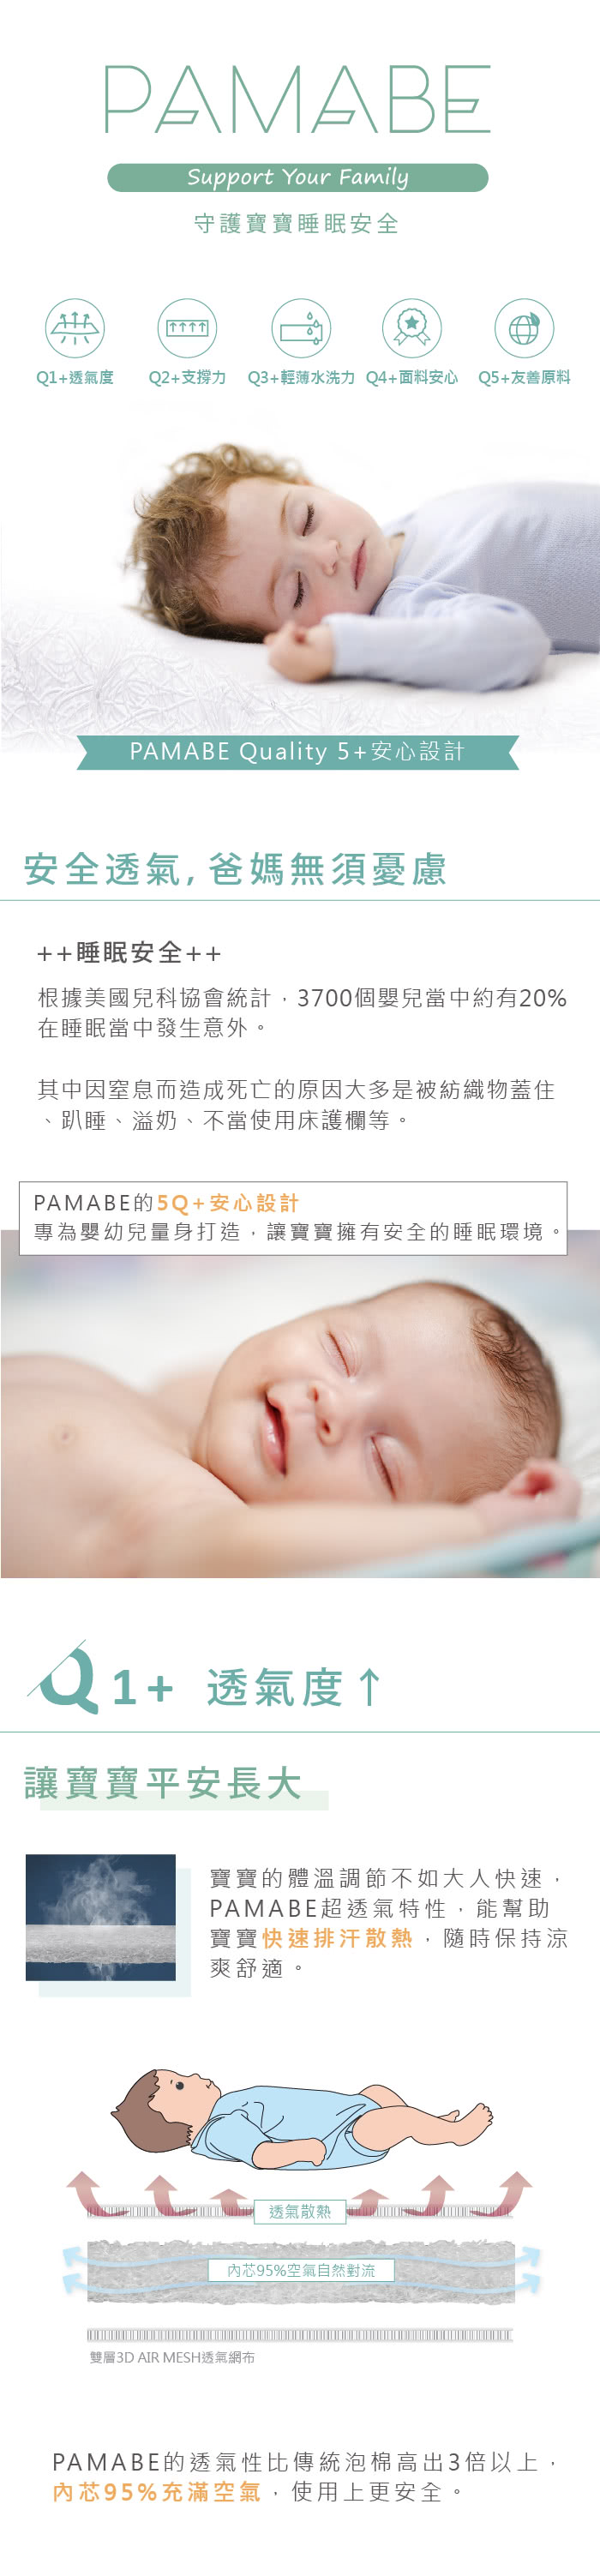 PAMABE 水洗透氣護脊嬰兒床墊
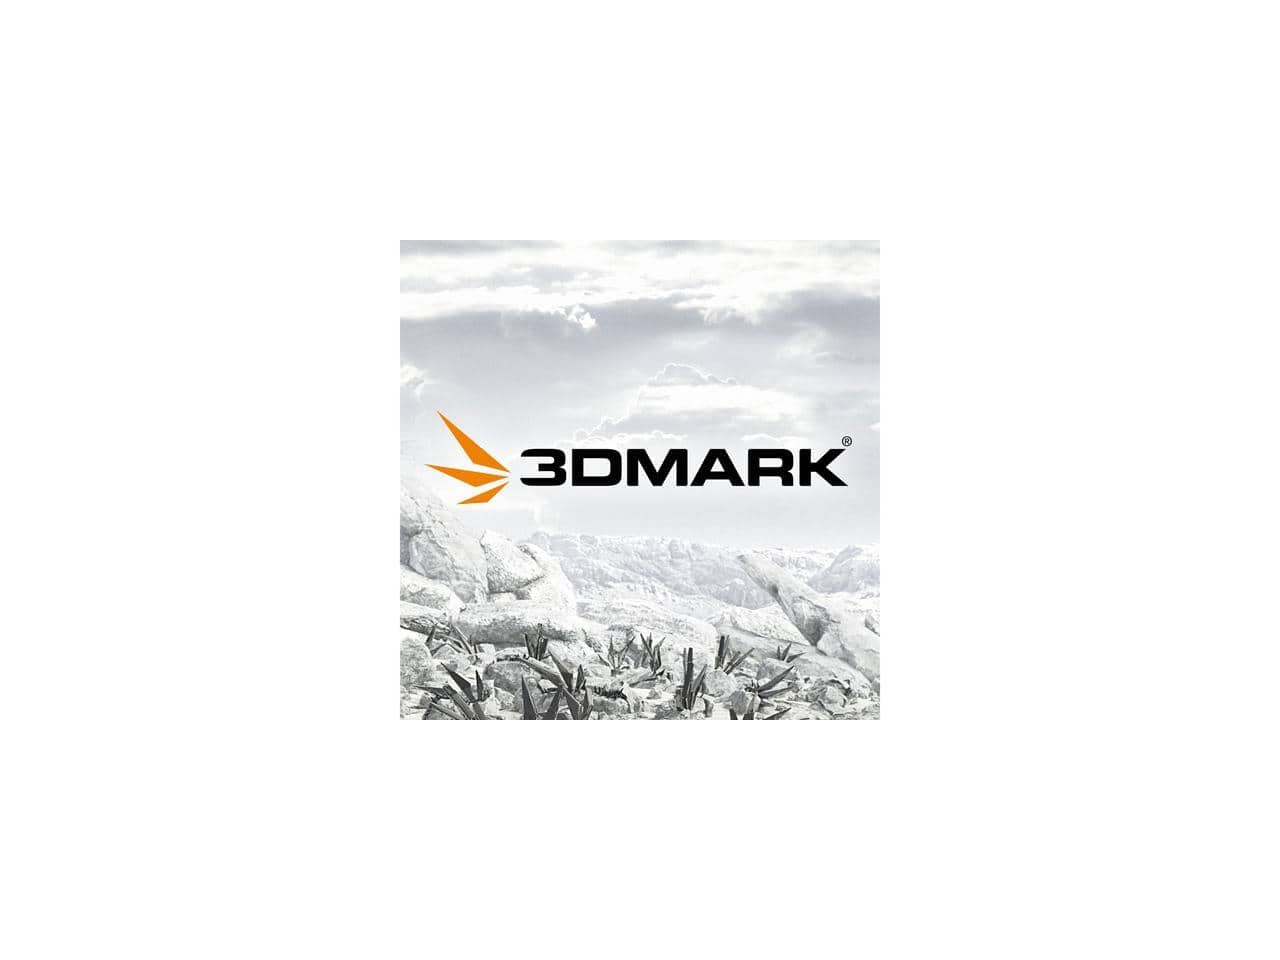 3DMark Advanced Edition $4.49
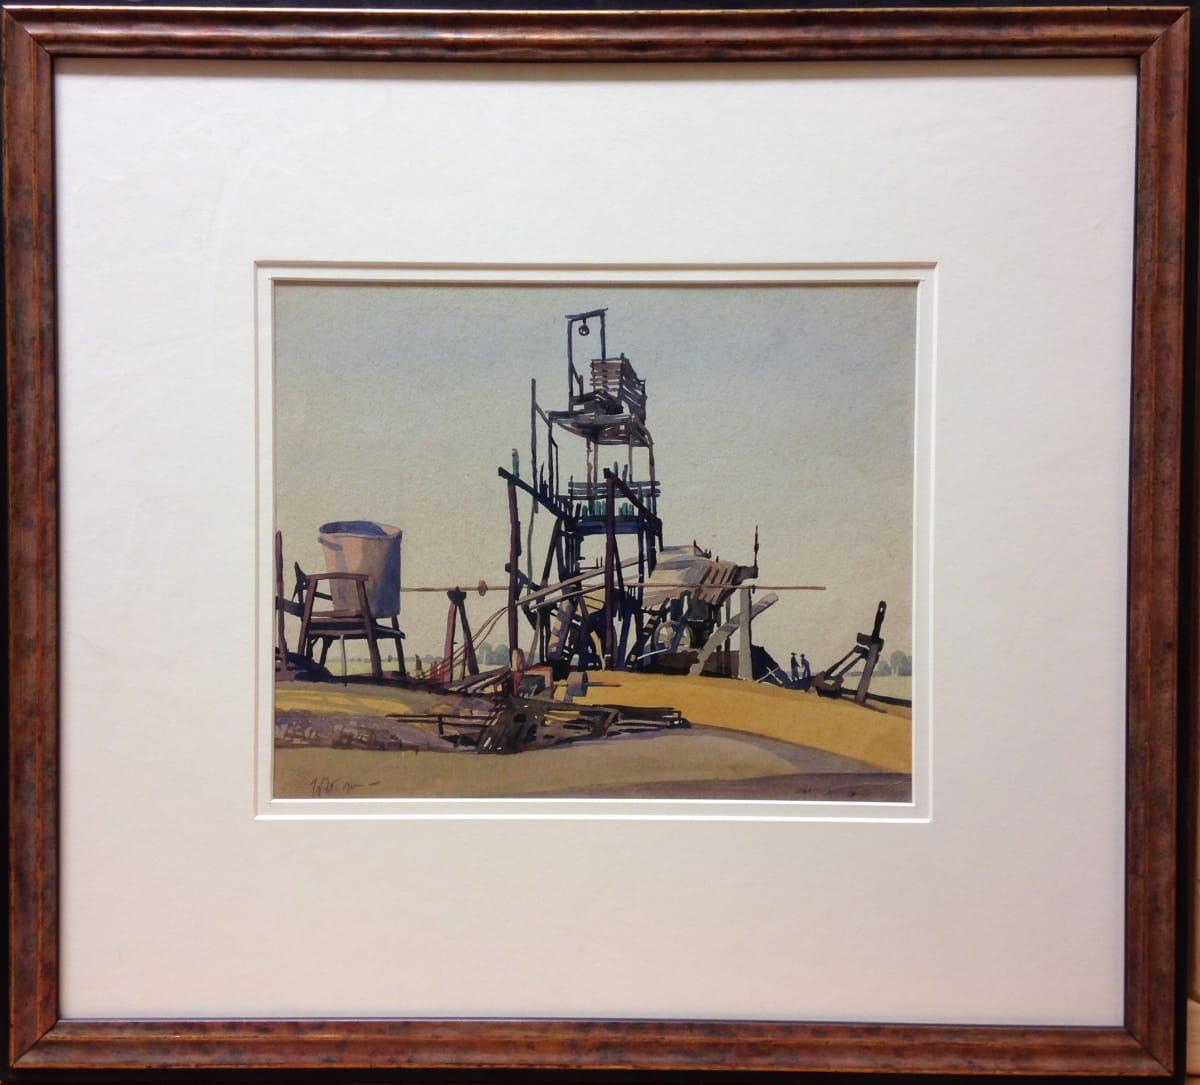 1032 - Old Mine II by Llewellyn Petley-Jones (1908-1986)
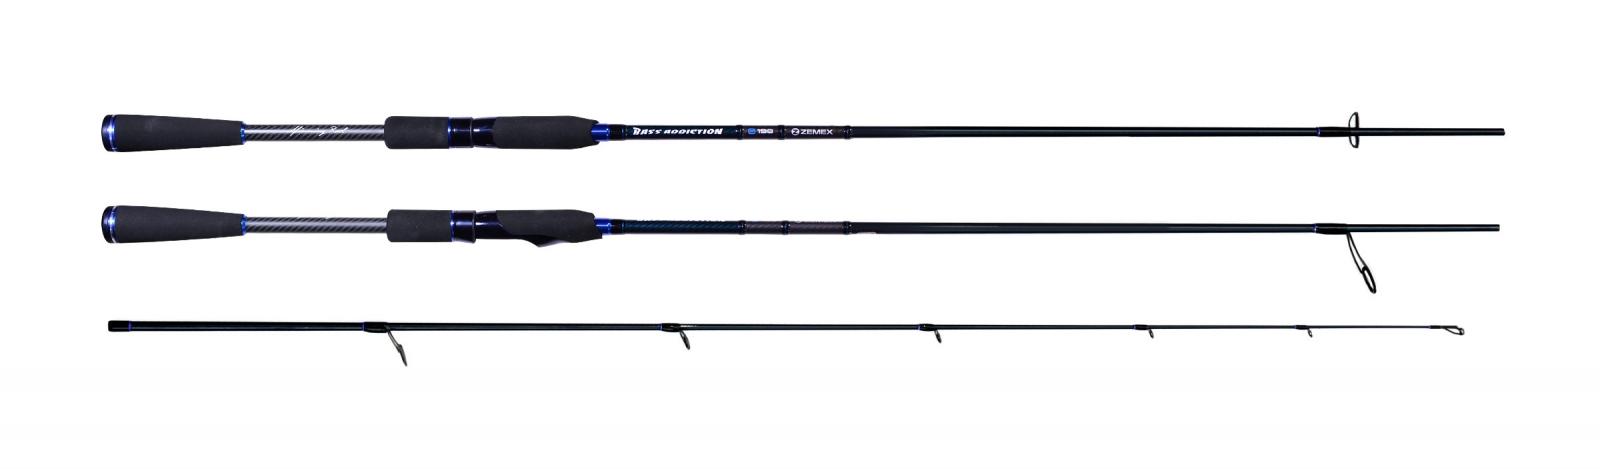 Спиннинг Zemex Bass Addiction S-752M NEW 2015 2,25 м. 7,0-25,0 гр.
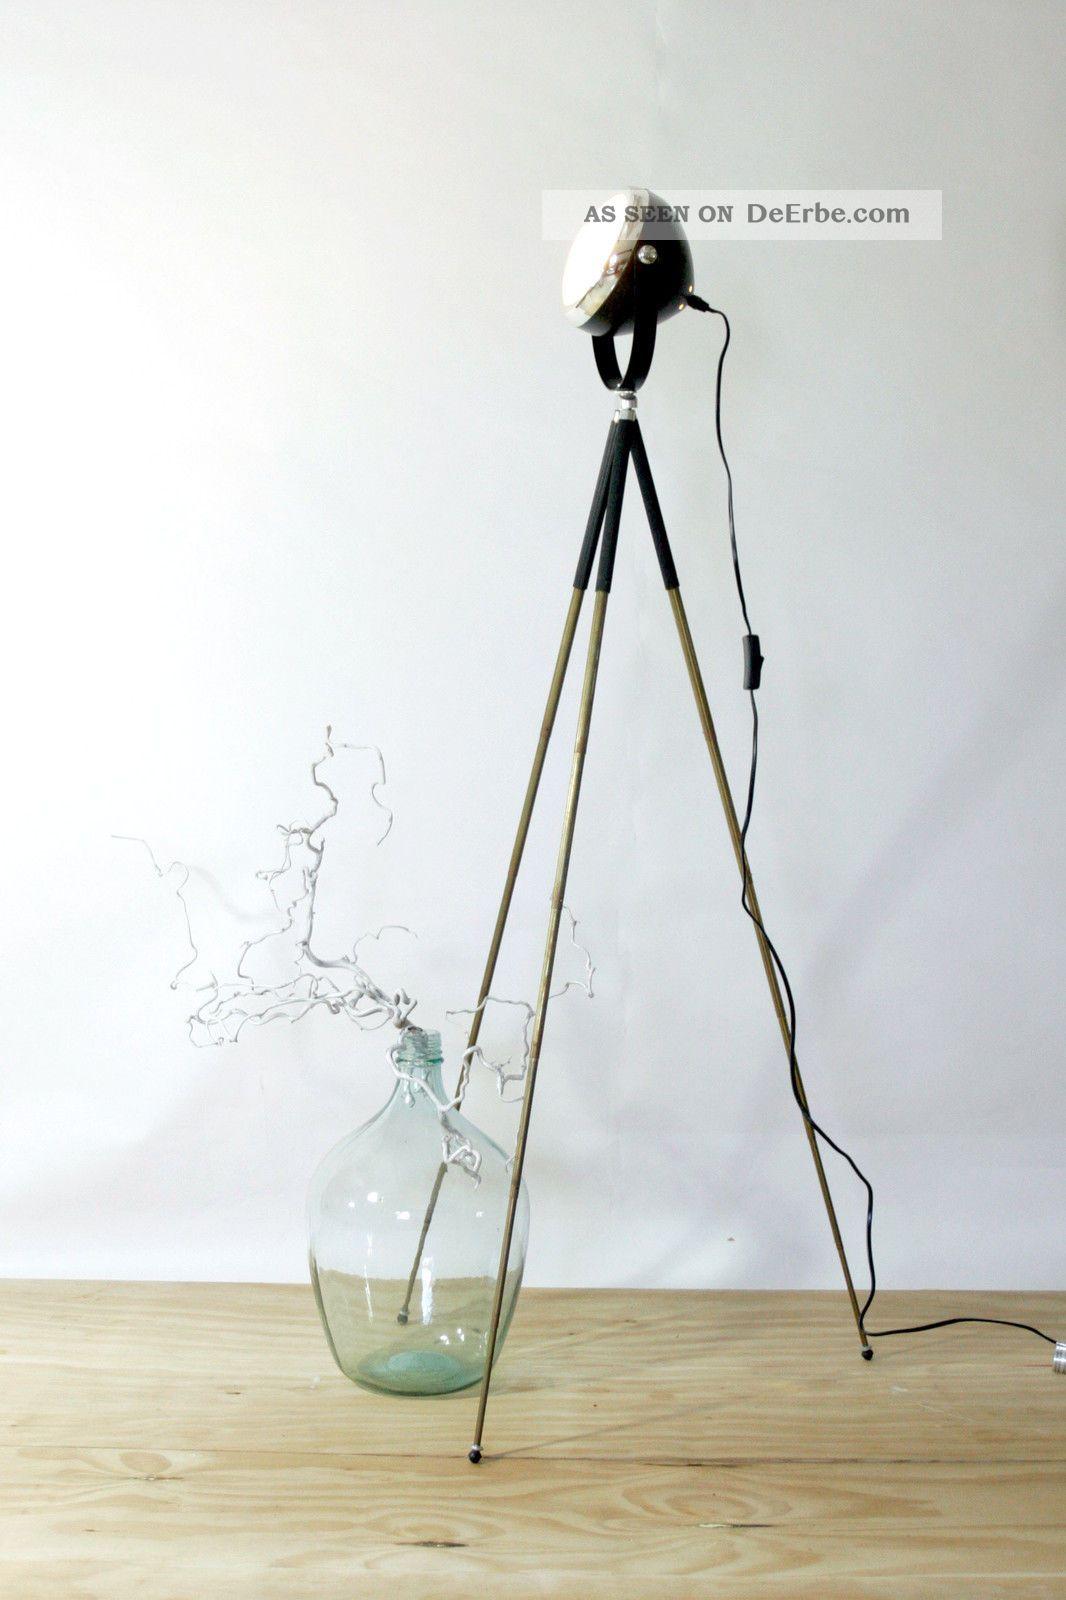 industrie design stehlampe tripod scheinwerfer fabriklampe. Black Bedroom Furniture Sets. Home Design Ideas
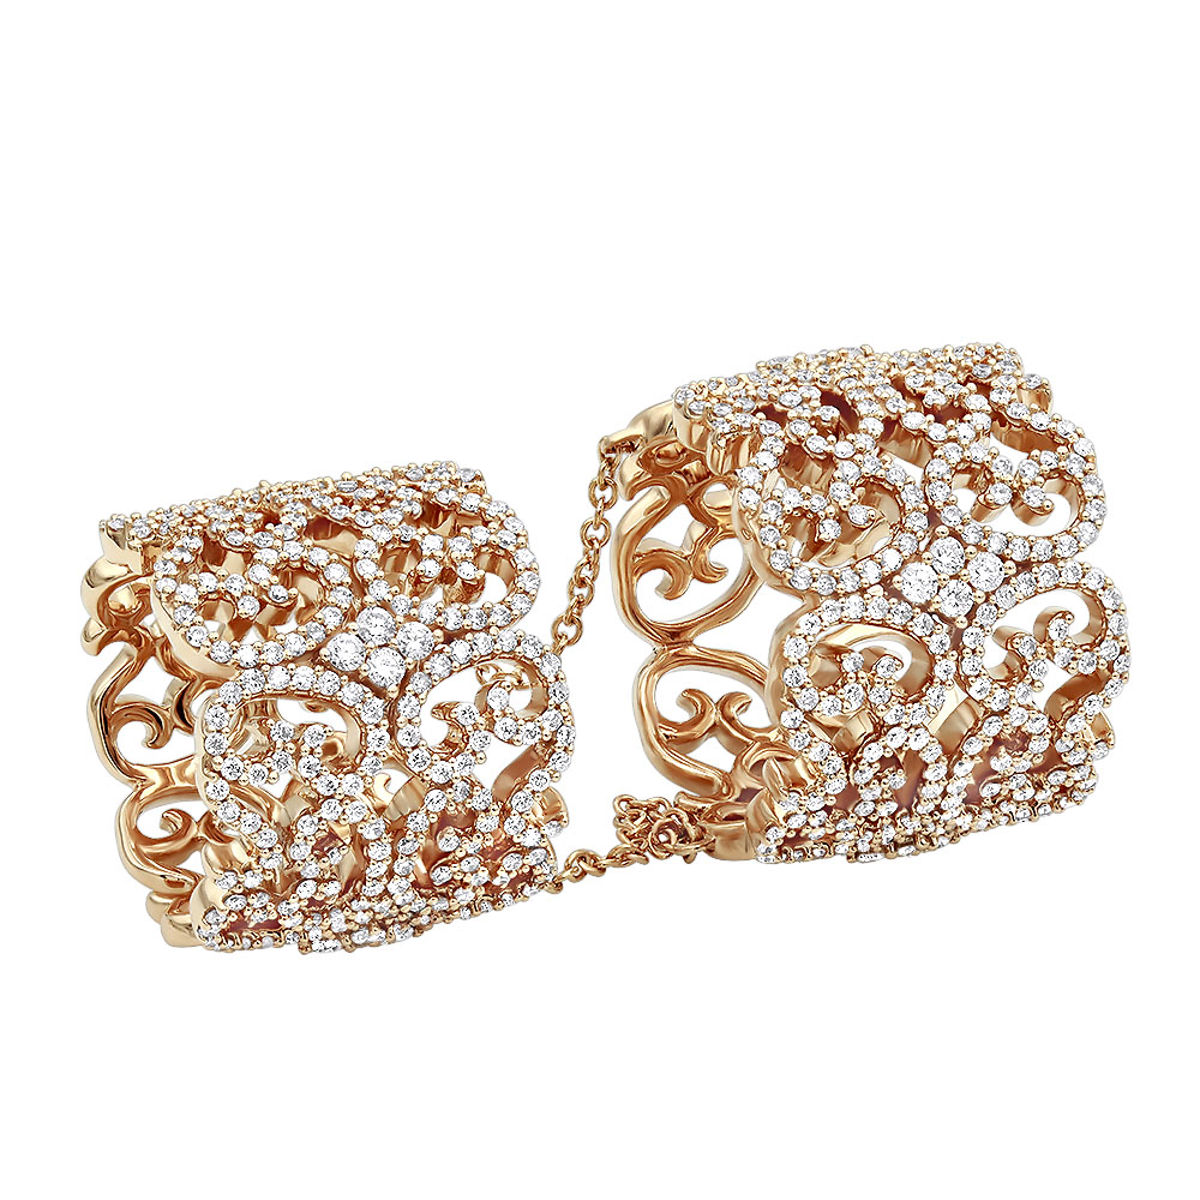 Full Finger Articulated Chain Linked Diamond Double Ring for Women 14k Gold
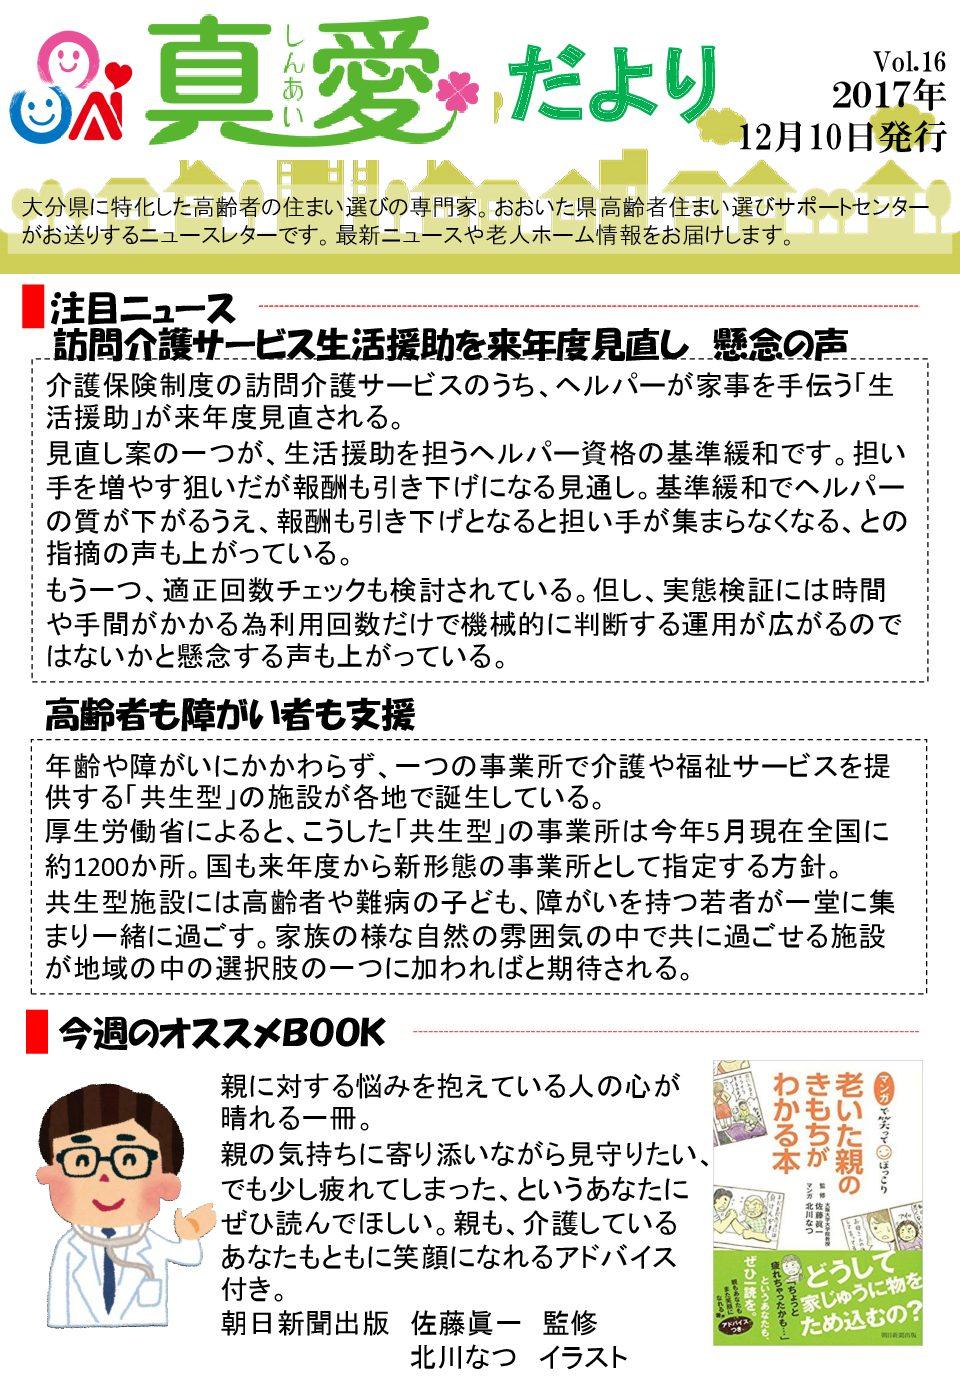 【Vol.16】 2017.12.10発行

+-------+

§ **Problem requirements**
Copy exactly what appears from the line holding "Full Finger Articulated" to the end of the material, keeping both end lines. Pictures are not part of the copy.

§ **Answer space**
 Full Finger Articulated Chain Linked Diamond Double Ring for Women 14k Gold
 【Vol.16】 2017.12.10発行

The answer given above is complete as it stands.